2018-07-19 18:16:33 INFO  Utils:54 - /var/spark-data/spark-jars/fetchFileTemp8629099277871937989.tmp has been previously copied to /var/spark-data/spark-jars/uncoil-job-production.jar
2018-07-19 18:16:33 WARN  GoogleCloudStorageReadChannel:493 - Channel for 'gs://uncoil-artifacts/uncoil-job-production/uncoil-job-production.jar' is not open.
2018-07-19 18:16:33 INFO  SparkPodInitContainer:54 - Finished downloading application dependencies.
ryancampbell commented 6 years ago

I do see this GHFS version bump

2018-07-19 18:12:28 INFO GoogleHadoopFileSystemBase:637 - GHFS version: 1.9.2-hadoop2

2018-07-19 18:16:32 INFO GoogleHadoopFileSystemBase:607 - GHFS version: 1.6.3-hadoop2

liyinan926 commented 6 years ago

Interesting. The image with GCS support uses https://storage.googleapis.com/hadoop-lib/gcs/gcs-connector-latest-hadoop2.jar. This must have been updated from version 1.6.3 to 1.9.2.

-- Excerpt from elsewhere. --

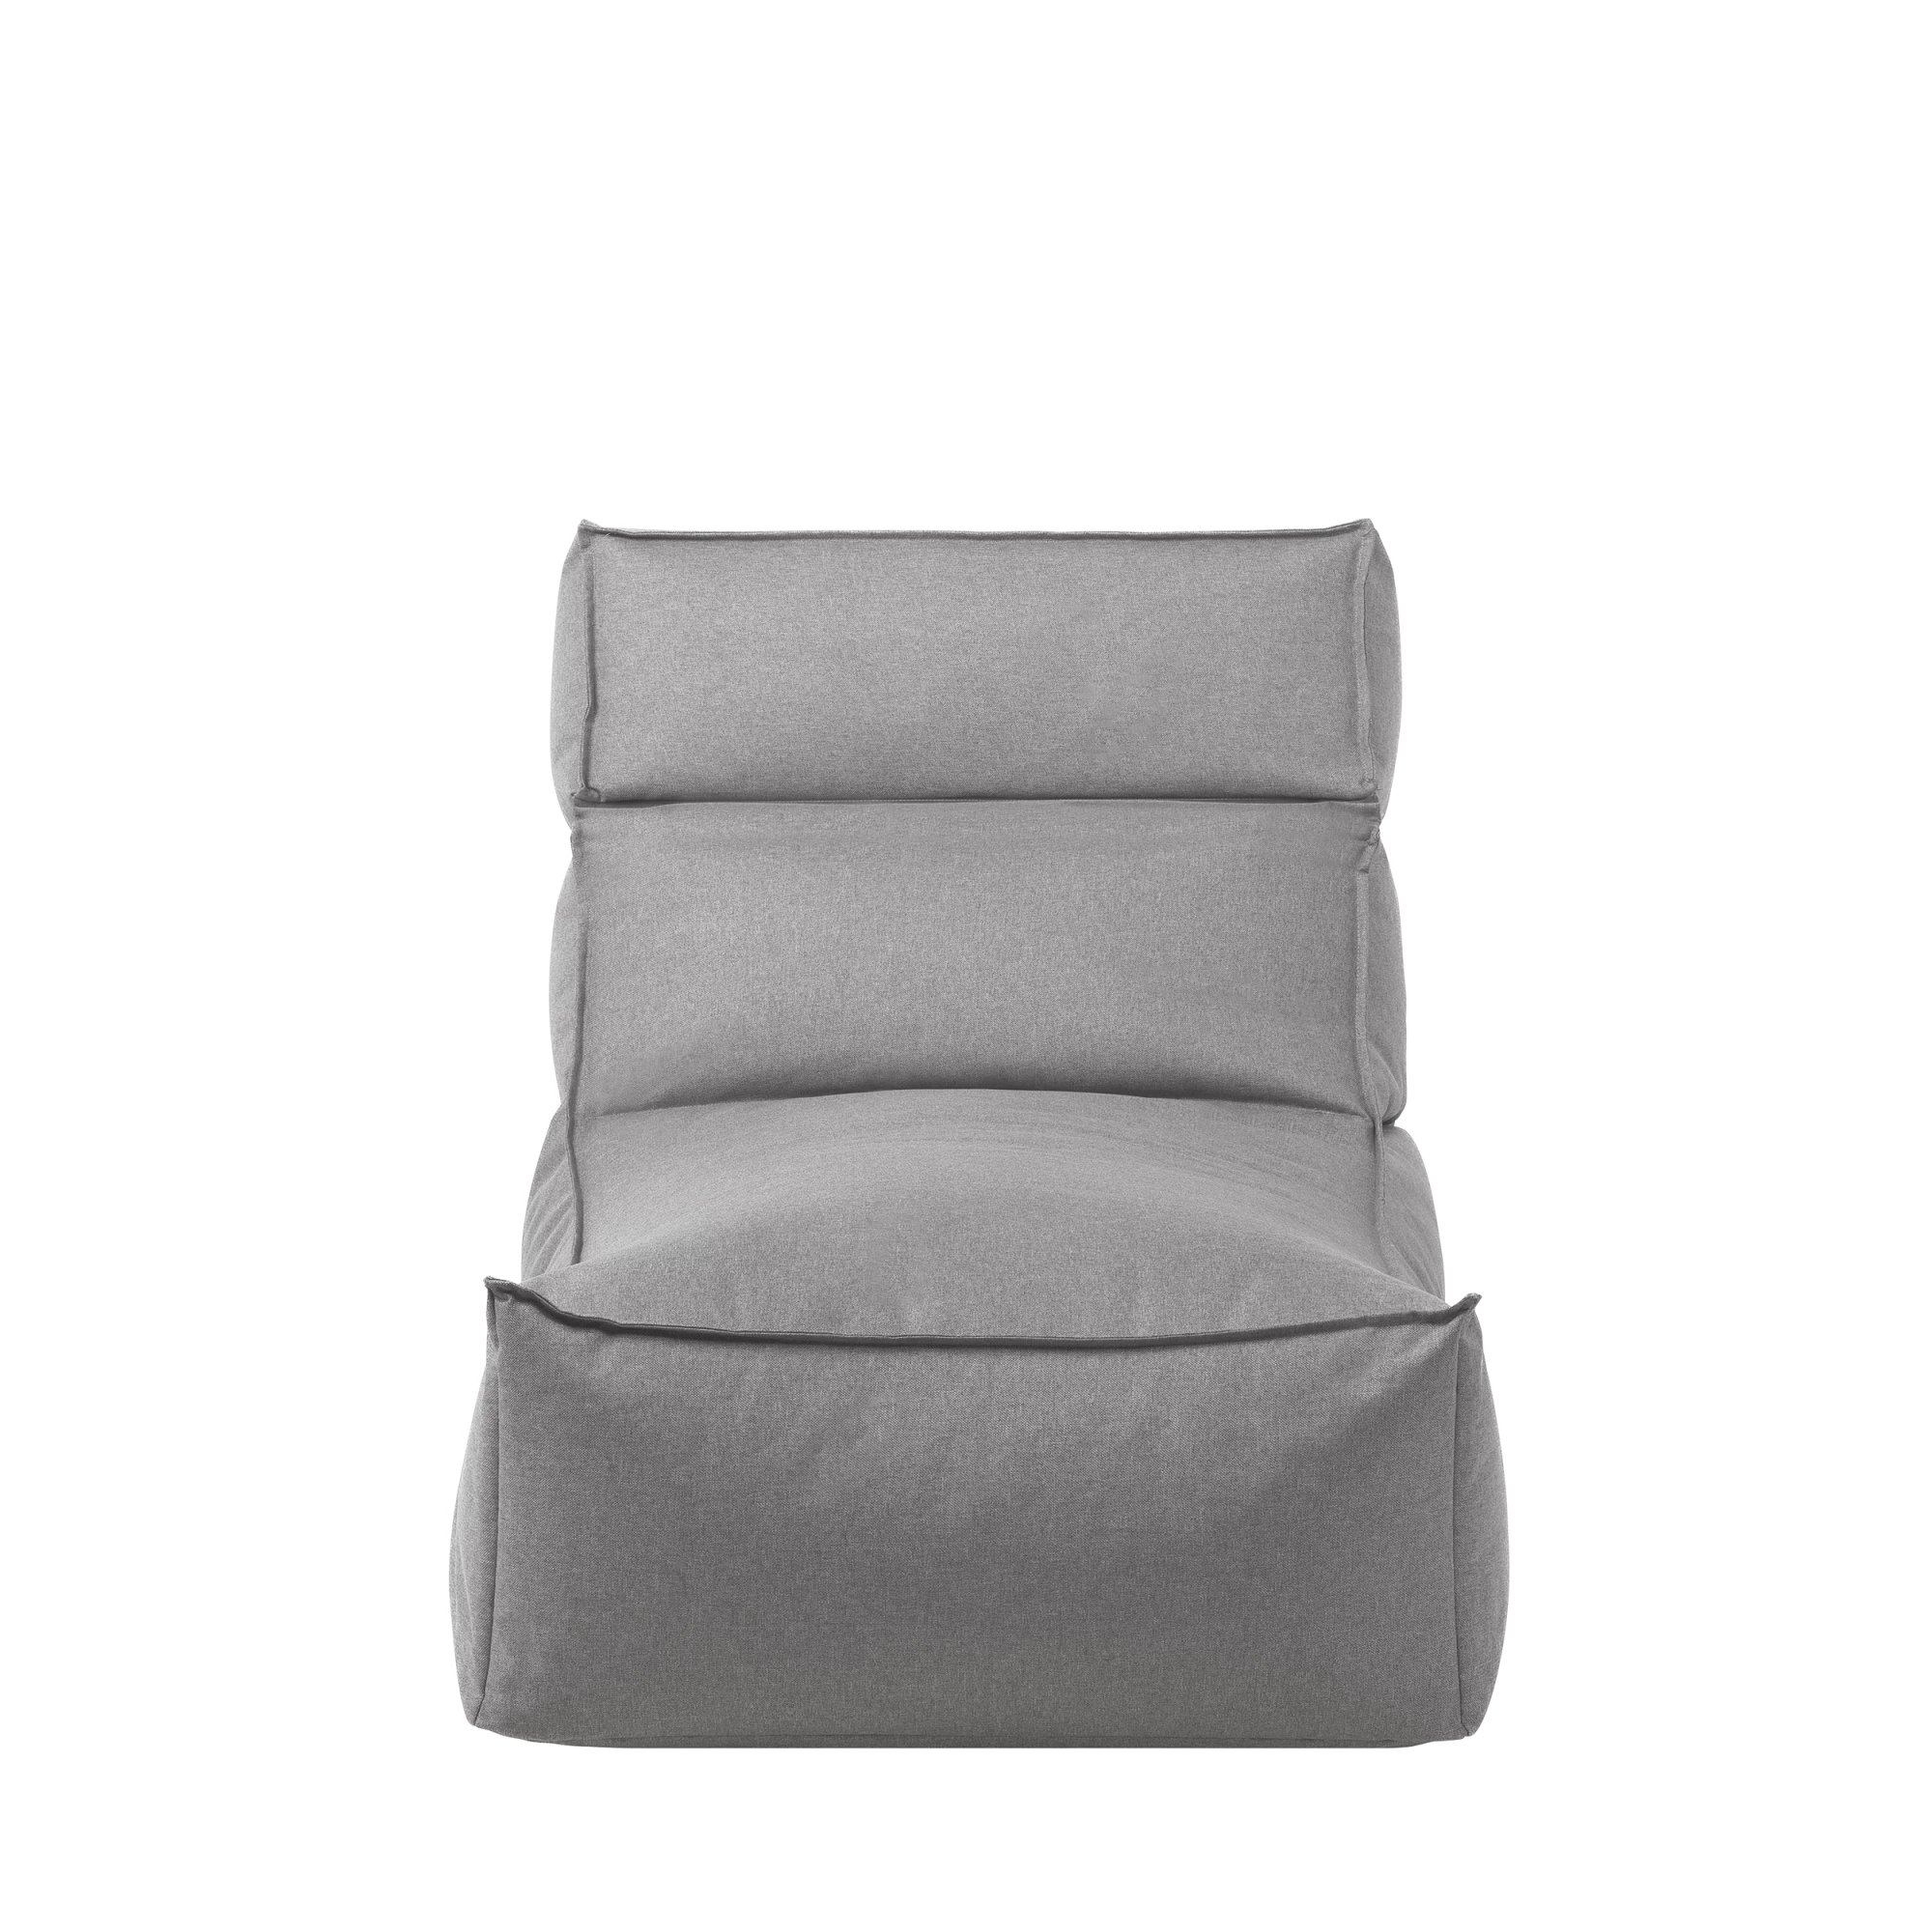 BLOMUS // STAY - OUTDOOR LOUNGER L | STONE

ryancampbell commented 6 years ago

I switched to https://storage.googleapis.com/hadoop-lib/gcs/gcs-connector-1.6.3-hadoop2.jar and it works! So must be breaking changes in the latest connector. Closing this and can open a new ticket

liyinan926 commented 6 years ago

Cool! Looking at the change list at https://github.com/GoogleCloudPlatform/bigdata-interop/blob/fe662298d6c0d892be0468c660d5ca76f8fc0fcc/gcs/CHANGES.txt and trying to figure what could break.

ryancampbell commented 6 years ago

Did the same, didn't see anything obvious, although thought it was intersting fs.gs.project.id is now optional

liyinan926 commented 6 years ago

Yeah, that becomes optional. I think fs.gs.system.bucket has been deprecated also. I'm gonna dig more on this.